AVOID does have some weaknesses. Foremost is probably the choice of the primary end point, the UACR. Although previous studies, including the Losartan Intervention for Endpoint Reduction in Hypertension (LIFE) study, suggested that a reduction in proteinuria correlates directly with the risk of subsequent CV and renal events, one most still consider UACR a surrogate end point for clinical events. This is in sharp contrast to the RENAAL and IDNT studies, in which hard clinical events were the primary end points, including the development of ESRD and death. This is not to imply that a reduction in the UACR is not clinically important, just that it is not the same level of evidence evaluated in these other trials. Second, the trial was only 6 months in duration, leaving unanswered important questions about the risks and benefits of using this combination over the long term, especially since improvement in urinary protein excretion and improvement in renal function do not always directly correlate. While the mean decline in GFR was less in the aliskiren group than in the placebo group, the difference was not statistically significant. Third, while adverse events were not different, participating patients were chosen carefully, as patients with a GFR <30 mL/min or a serum potassium level >5.1 mg/dL were excluded; as such, these results cannot be extrapolated to those with severe renal dysfunction or hyperkalemia at baseline. Finally, although the BP differences between the 2 arms of the study was small, the fact that BP was not effectively controlled in either group allows the reader to wonder whether the differences found would have been as great had a BP <130/80 mm Hg, the currently recommended BP goal in these individuals, been reached in both groups.

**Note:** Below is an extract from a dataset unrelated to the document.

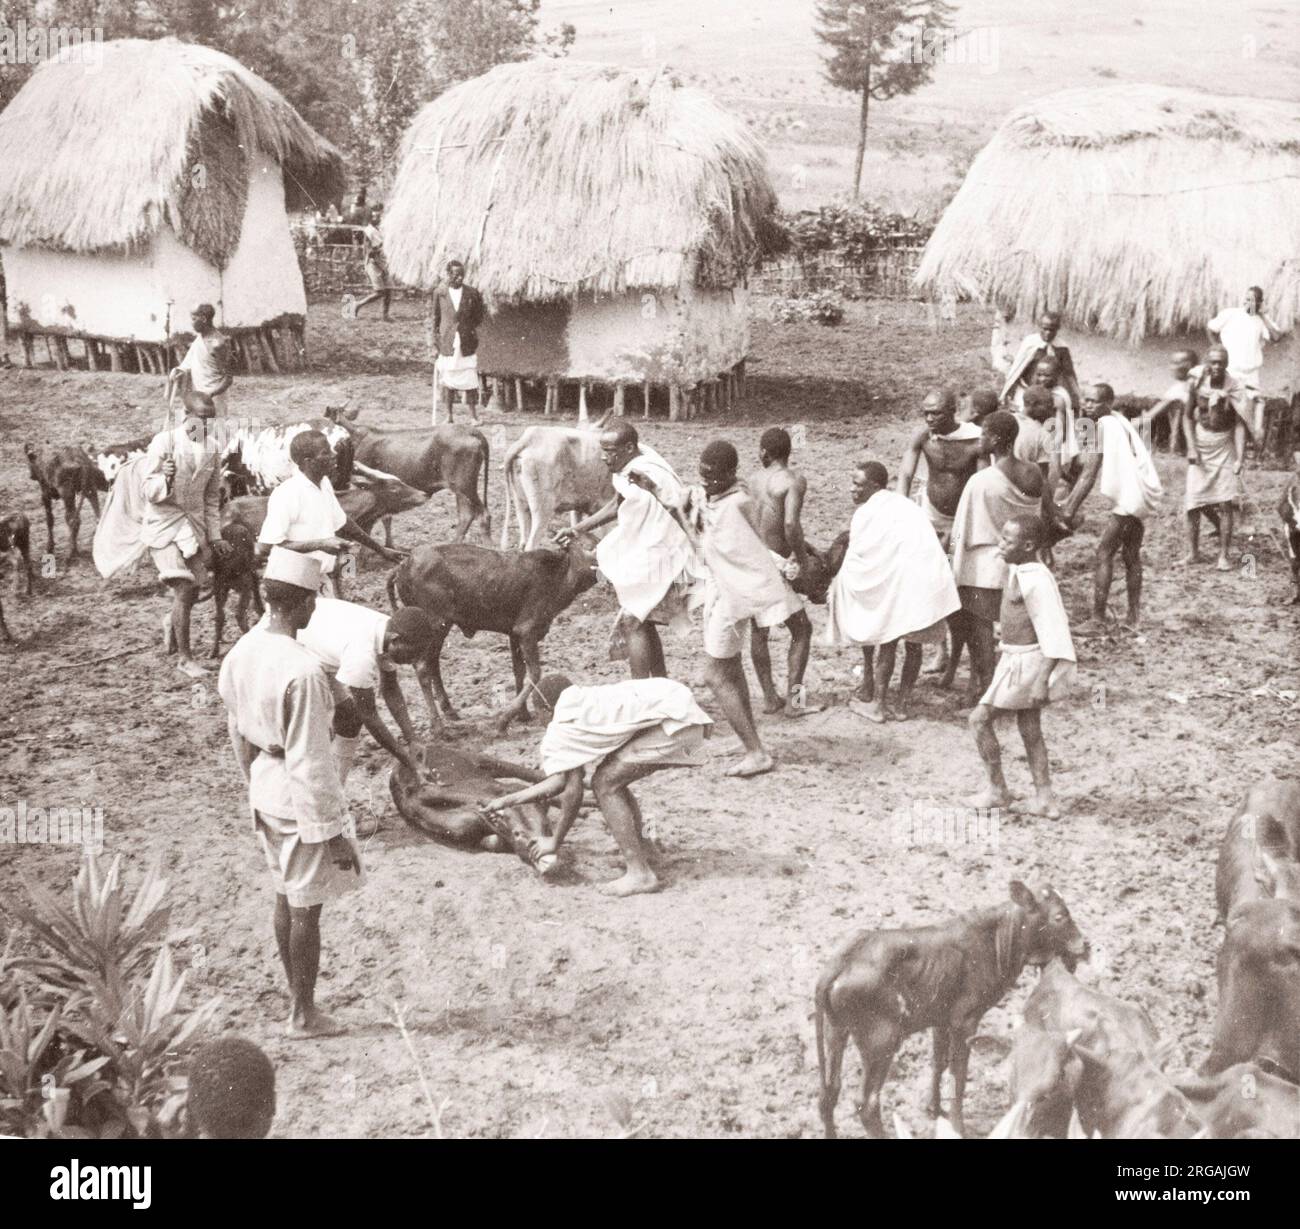 Ostafrika - Uganda Impfkampagne der Briten gegen Tsetsefliegenerkrankungen bei Rindern - Rindern und Hirten von einem während des Zweiten Weltkriegs in Ostafrika und im Nahen Osten stationierten Rekrutierungsbeamten der britischen Armee Stockfoto
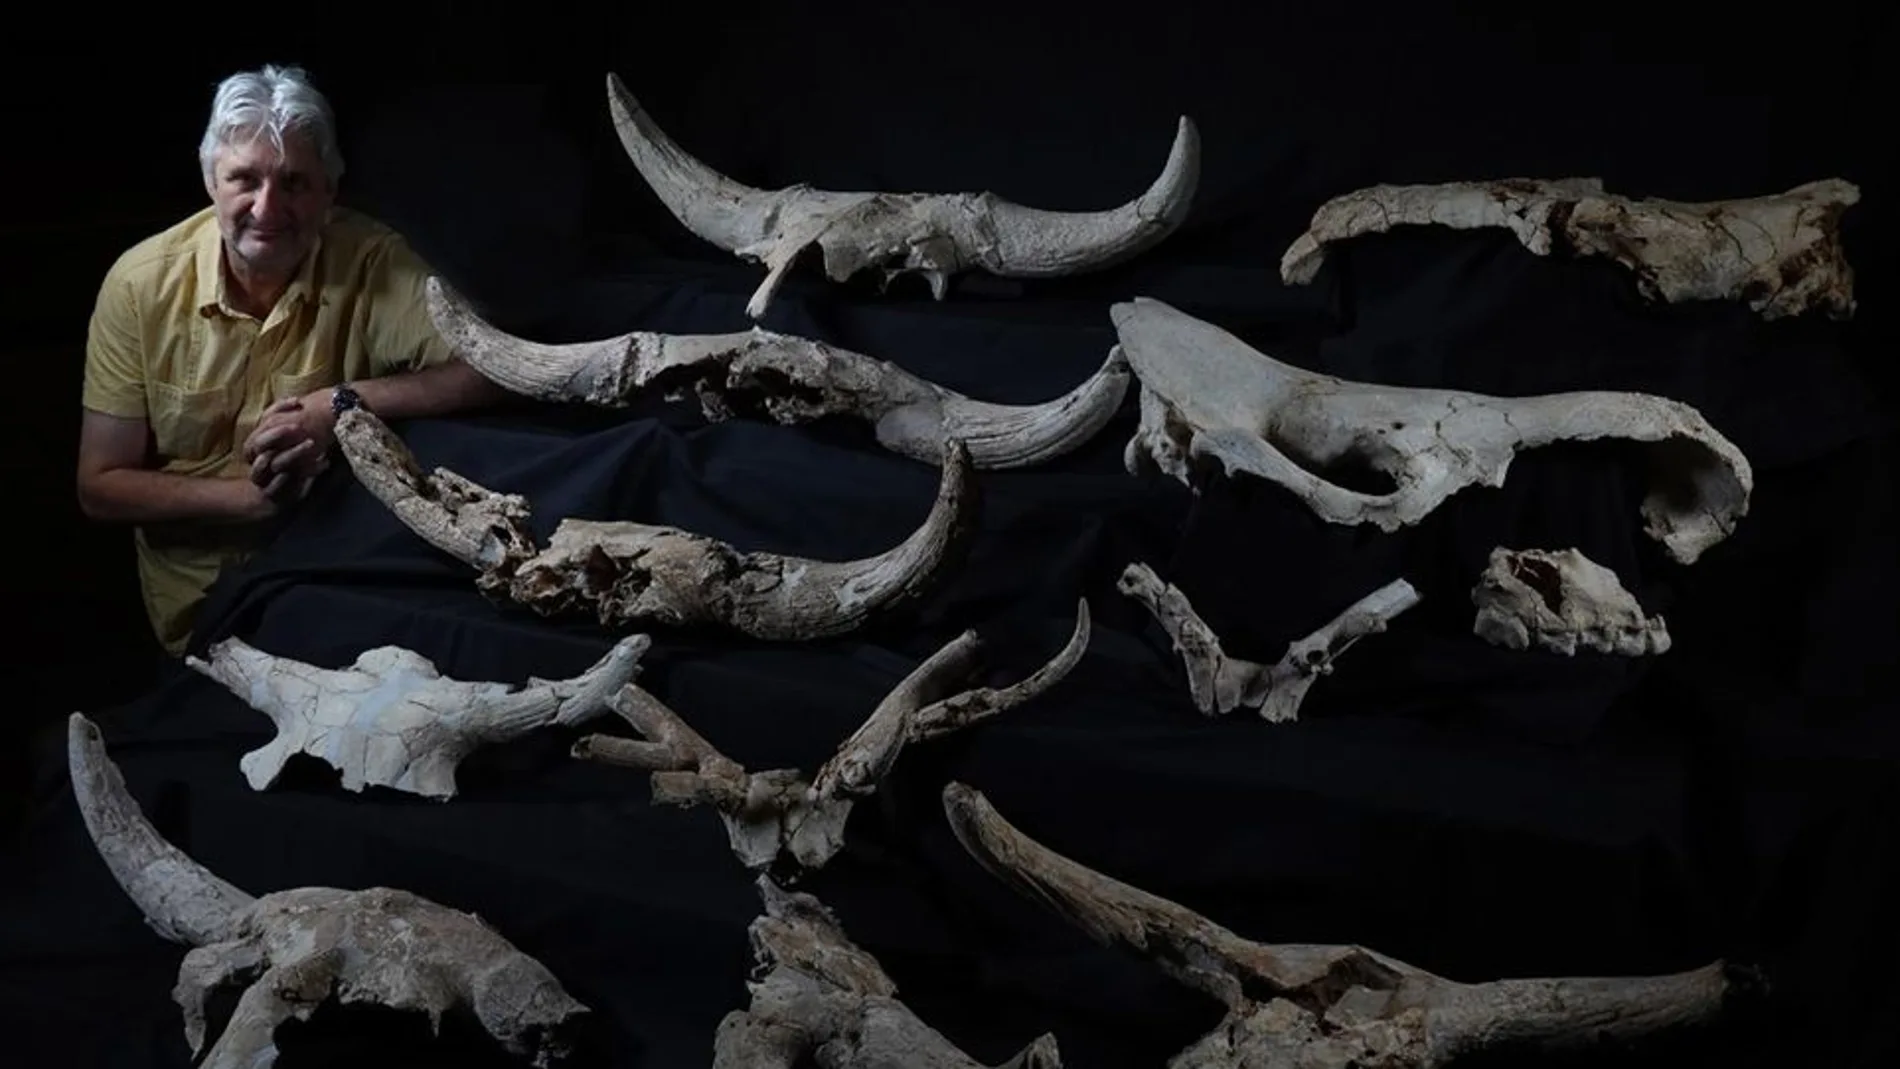 Enrique Baquedano y algunos de los cráneos hallados en la Cueva Des-Cubierta (Pinilla del Valle, Madrid).

Based on the results of previous landmark clinical trials in patients with hypertension and diabetic nephropathy, initial antihypertensive therapy with either an ACE inhibitor or an ARB at their maximum recommended dosage in combination with other antihypertensive agents to reach a BP goal <130/80 mm Hg remains essential. AVOID suggests that in patients with GFRs >30 mL/min/1.73 m2, with no evidence of hyperkalemia, and who continue to have evidence of clinical proteinuria despite reasonably good BP control when receiving evidence‐based ARB therapy for renal protection, the addition of aliskiren 300 mg/d allows further reduction in albuminuria, at least in the short term. Future studies, including the Aliskiren Trial in Type 2 Diabetes Using Cardiorenal Disease Endpoints (ALTITUDE), will evaluate the long‐term benefits on hard clinical end points in hypertensive patients with type 2 diabetic nephropathy. Results are not expected until 2012.
Disclosure: Both Dr Bloch and Dr Basile wish to disclose that they receive research support, honoraria, and speaker’s bureau fees from Novartis Pharmaceuticals, the sponsor of the AVOID study.